= Spreadsheet 2000 =

Spreadsheet 2000 is a discontinued spreadsheet program for Apple Macintosh computers, published by Casady & Greene, a distributor of many "smaller" Mac releases. It appears to have seen little in terms of sales, and was withdrawn from the market after only a short time. First released in 1993 as Let's Keep It Simple Spreadsheet, officially abbreviated Let's KISS, the product was renamed Spreadsheet 2000 for its 2.0 release in 1997.

Spreadsheet 2000, S2K for short, featured a unique way of building complex spreadsheets from a number of simpler ones containing only input or output data. This contrasts with the traditional spreadsheet model, where inputs, calculations and outputs are all placed into a single sheet and cannot be easily differentiated. For instance, if one wants to add two columns of three numbers, under a normal spreadsheet one would type the two sets of values into columns, say A and B, and then into C type the formula =A1+B1, which would appear on-screen as the results. The formula is then copied into the other cells in C. A user looking at the sheet would simply see three columns of numbers, and has no way to differentiate which values are the inputs and which the outputs.

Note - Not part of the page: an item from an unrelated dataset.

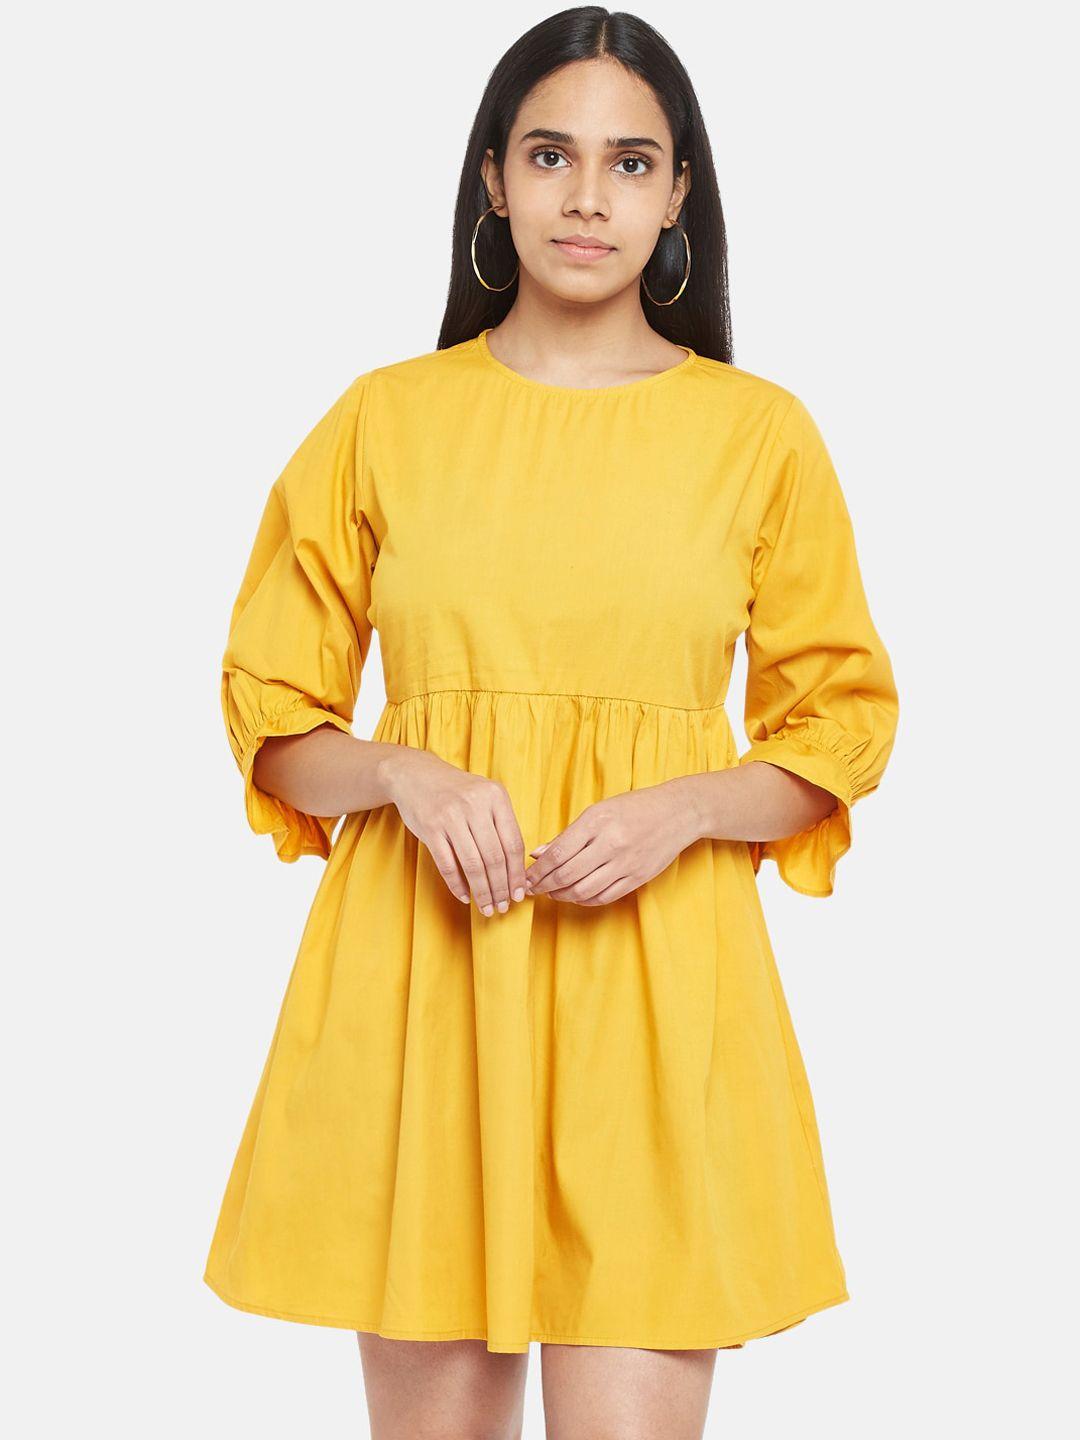 people-woman-mustard-yellow-dress

S2K worksheet; three input sheetlettes (blue) are being used to create several outputs (grey). The Join operation merges the 2×2 and 1×2 sheets into a single 3×2, while the A + B results in a single 2×2 grid by adding the 1×2 grid to both columns of the 2×2.

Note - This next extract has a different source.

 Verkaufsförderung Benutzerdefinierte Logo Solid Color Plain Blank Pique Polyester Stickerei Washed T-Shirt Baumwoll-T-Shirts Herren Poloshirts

Under S2K the same task is separated out to make it easier to understand. The user first creates two separate "sheetlettes" containing one column each, types the input numbers into them, and then connects the two together with the addition function, represented by an icon. The addition icon also has an output connector, and when this is connected to a third sheetlette, the results of the addition appear there automatically. The user could also connect the output to a sheetlette containing a single cell, in which case the addition function would sum all of the cells and display the single result.

Since every step of a calculation was represented by input and output sheetlettes as well as the operator icons, S2K worksheets could become cluttered. In order to address this, whole groups of sheets and icons could be selected and collapsed into a compound operator. From that point on, the operator worked just like one of S2K's built-in functions, allowing the user to connect inputs and outputs to it as normal.

The whole idea of S2K was to simplify the construction of simple spreadsheets. While it met that goal, the same features made more complex spreadsheets difficult to work with. For instance, trying to debug a complex formula in Excel simply requires the user to click on the cell and read the formula. The same task in S2K may be difficult, with the formula filling several pages or alternately being built several layers deep (compounds of compounds) so that there is no single view of the formula. Additionally S2K's own set of built-in functions was rather limited.

S2K was written entirely in Prograph.